2025年3月11日
労務・人事ニュース
現金給与総額が37か月連続増加!平均295,505円の賃金上昇が企業の採用市場に与える影響とは?(毎月勤労統計調査 令和7年1月分結果速報)
毎月勤労統計調査 令和7年1月分結果速報(厚労省)
令和7年1月分の毎月勤労統計調査の速報によると、日本の賃金動向は引き続き上昇傾向にあるものの、実質賃金の低下が課題となっている。名目賃金である現金給与総額は、規模5人以上の事業所において平均295,505円となり、前年同月比2.8%増加した。これは37か月連続のプラス成長であり、雇用環境が依然として堅調であることを示している。また、規模30人以上の事業所では332,594円となり、前年同月比3.8%増の増加を記録し、47か月連続のプラスとなった。特に、定期的に支払われる「きまって支給する給与」は283,188円と3.2%増加し、これは32年10か月ぶりの高い伸び率となった。

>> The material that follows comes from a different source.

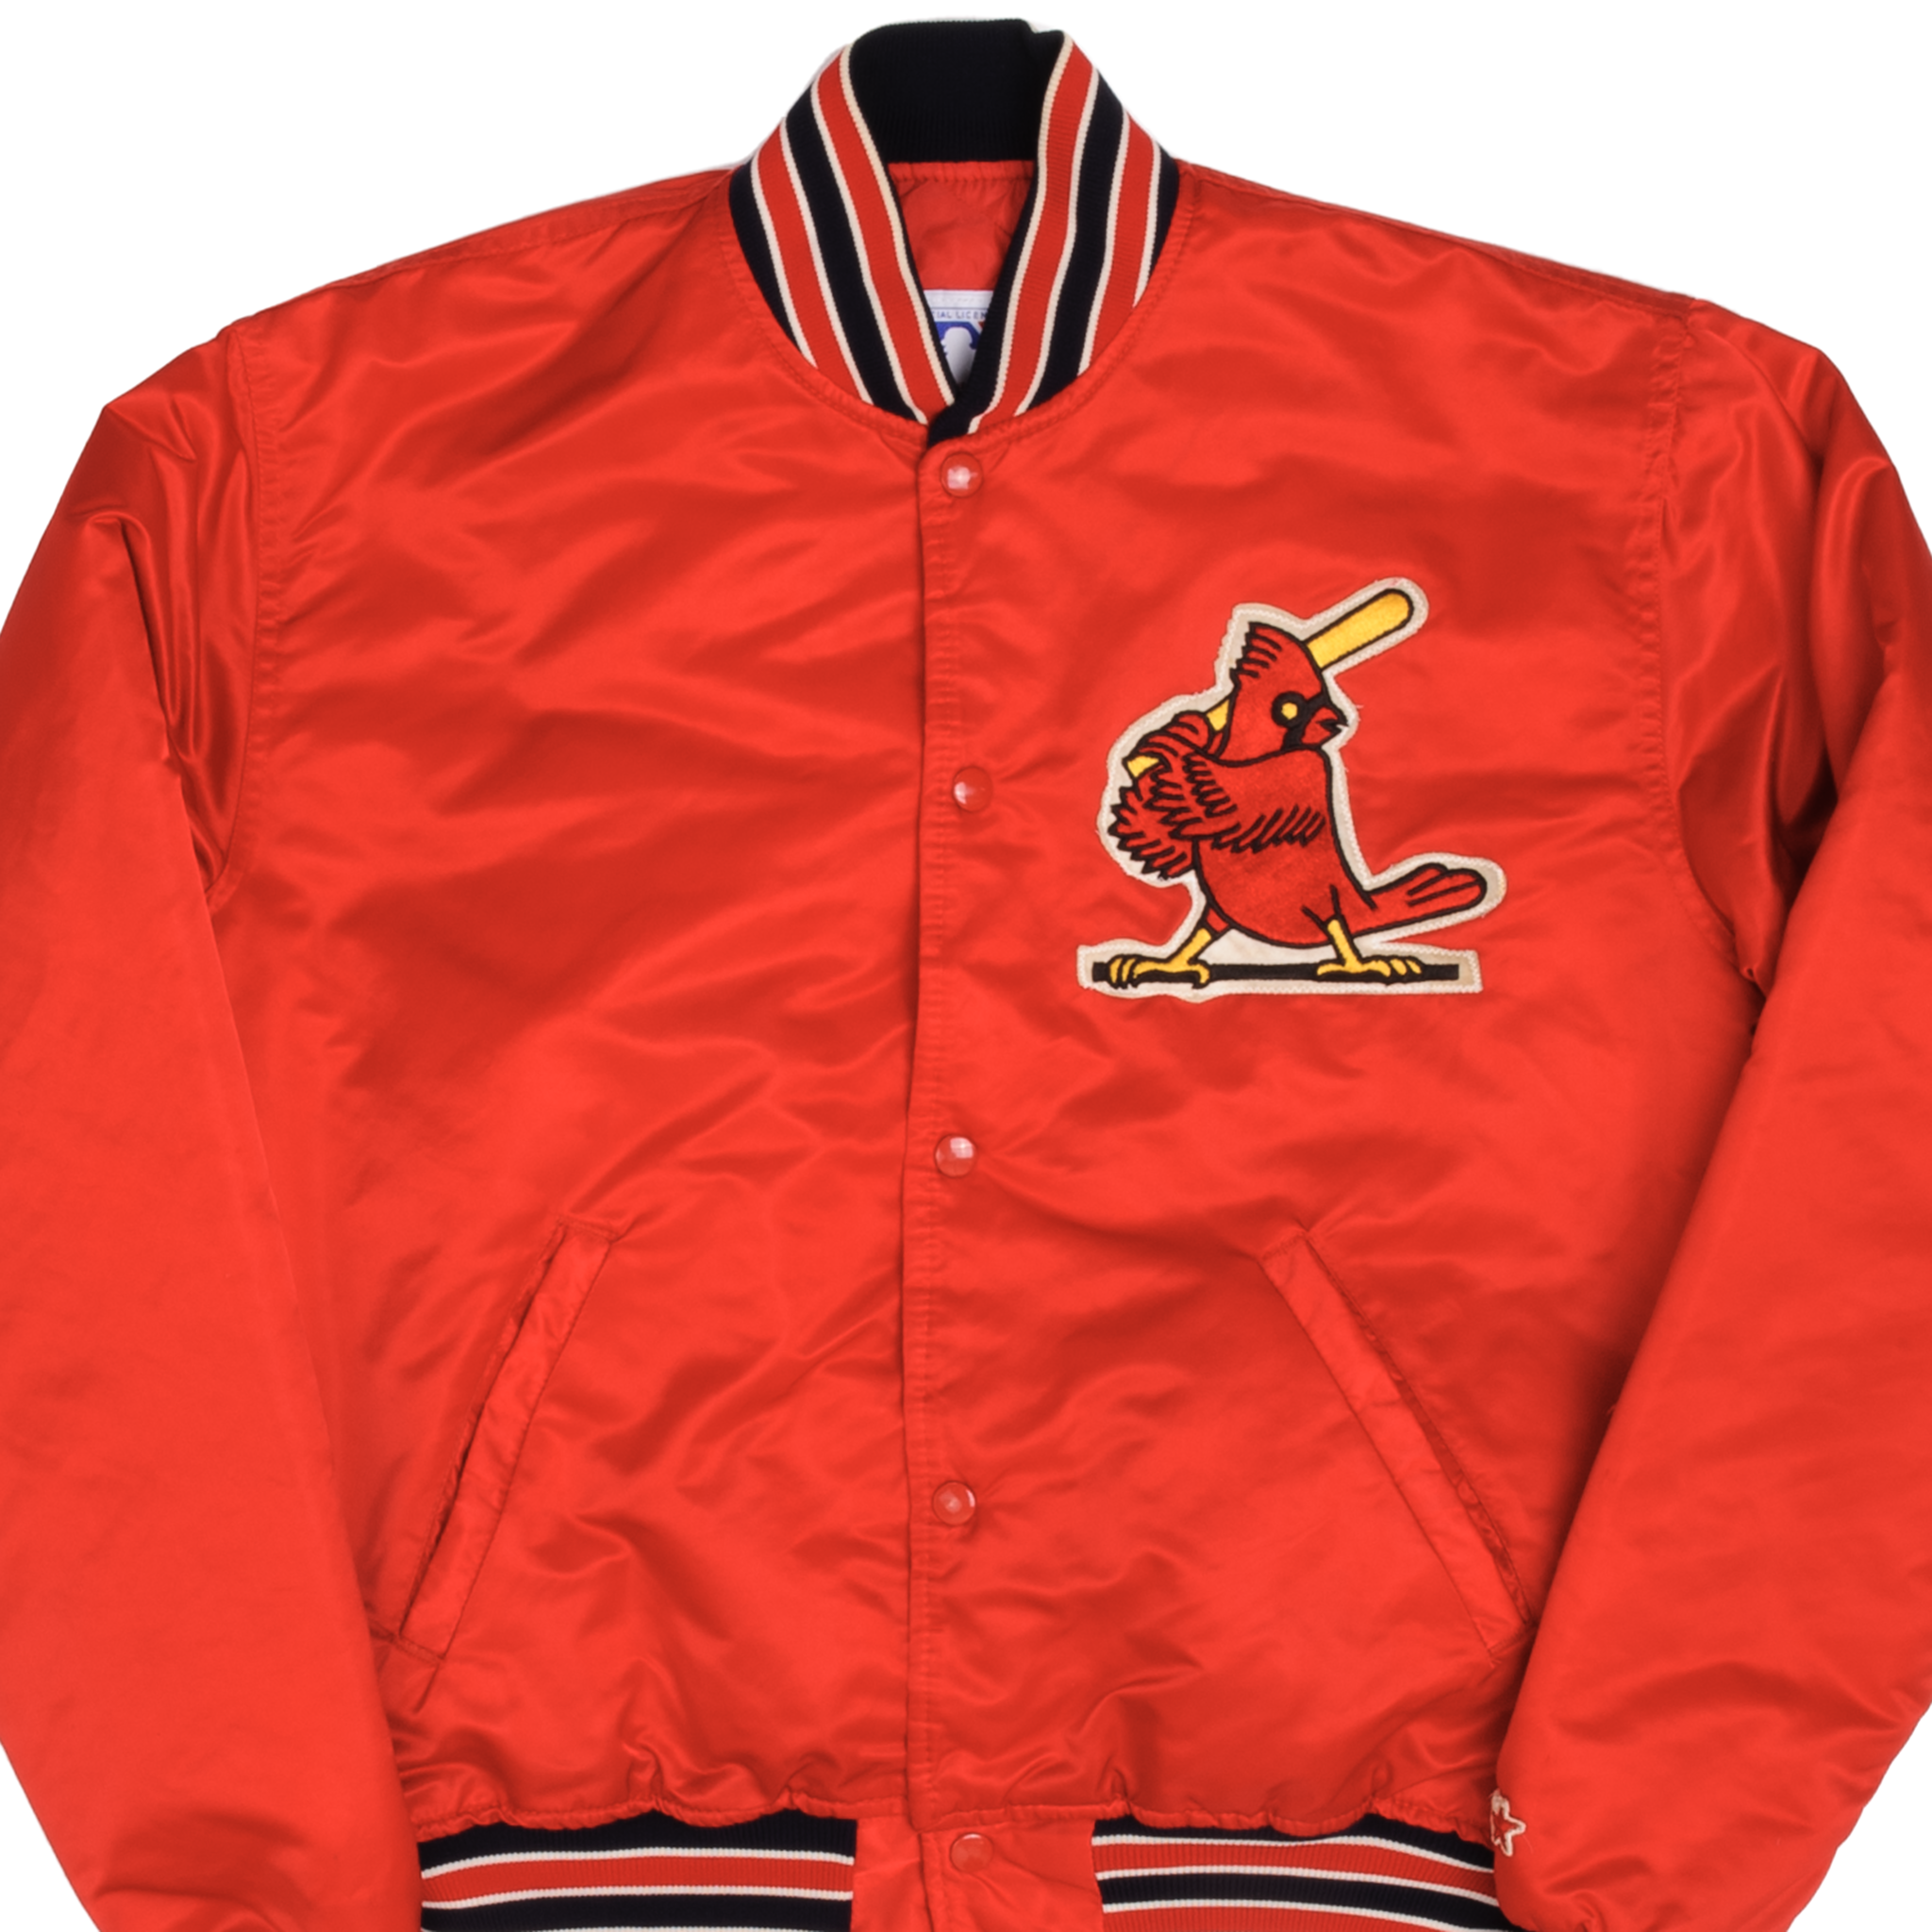 Vintage Rare Starter Brand St louis Cardinals Baseball Jersey Long

所定内給与についても263,710円と3.1%増加しており、こちらも32年3か月ぶりの高い伸びを示している。一方で、特別に支払われた給与、すなわちボーナスや臨時手当は12,317円と前年同月比3.7%減少し、労働者の手取り収入にはばらつきが見られる。一般労働者に限定すると、現金給与総額は379,253円であり、前年同月比2.7%の増加を記録しており、46か月連続でプラスとなった。さらに、所定内給与に関しては335,435円となり、3.1%増加し、過去最高の伸び率を記録した。これは、基本給の上昇や労働環境の改善が進んでいることを示唆している。

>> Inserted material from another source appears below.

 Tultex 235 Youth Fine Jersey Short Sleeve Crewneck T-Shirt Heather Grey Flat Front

パートタイム労働者の賃金についても注目すべき点がある。時間当たりの所定内給与は1,397円となり、前年同月比4.5%増と43か月連続でプラスの成長を続けている。これは、最低賃金の引き上げや、企業が人材確保のために賃金を上昇させていることが影響していると考えられる。しかしながら、実質賃金指数は令和2年平均を100とした場合、規模5人以上の事業所では82.0となり、前年同月比1.8%減少した。規模30人以上の事業所では80.5となり、前年同月比0.7%減少しており、5か月ぶりにマイナスに転じた。これは、消費者物価指数(持家の帰属家賃を除く総合)が前年同月比4.7%上昇したことによる影響とみられる。
物価上昇によって、名目賃金の増加分が実質的な購買力の向上につながっていないことが明らかになった。特に、賃金の上昇率と物価の上昇率の差が開いており、労働者の生活に与える影響は決して小さくない。この状況は企業の採用市場にも影響を及ぼすと考えられる。まず、パートタイム労働者の賃金上昇が続いていることから、サービス業や小売業において採用コストが上昇しており、人手不足の業界ではより高い時給を提示しなければならない状況が生じている。また、一般労働者の賃金が堅調に増加していることから、企業の給与水準を競争力のあるものに維持するための努力が求められる。
特に、成長産業においては、より良い待遇を求める労働者が増加する可能性があり、企業側は採用戦略を見直す必要がある。住宅市場では、実質賃金の低下が住宅購入意欲に影響を与え、住宅ローンの負担増が家計に重くのしかかる可能性がある。そのため、建設業界の採用市場にも影響が及ぶことが予想される。加えて、消費者の購買力の低下は、飲食業や小売業の売上に影響を与え、結果としてこれらの業界の採用意欲にも波及することが考えられる。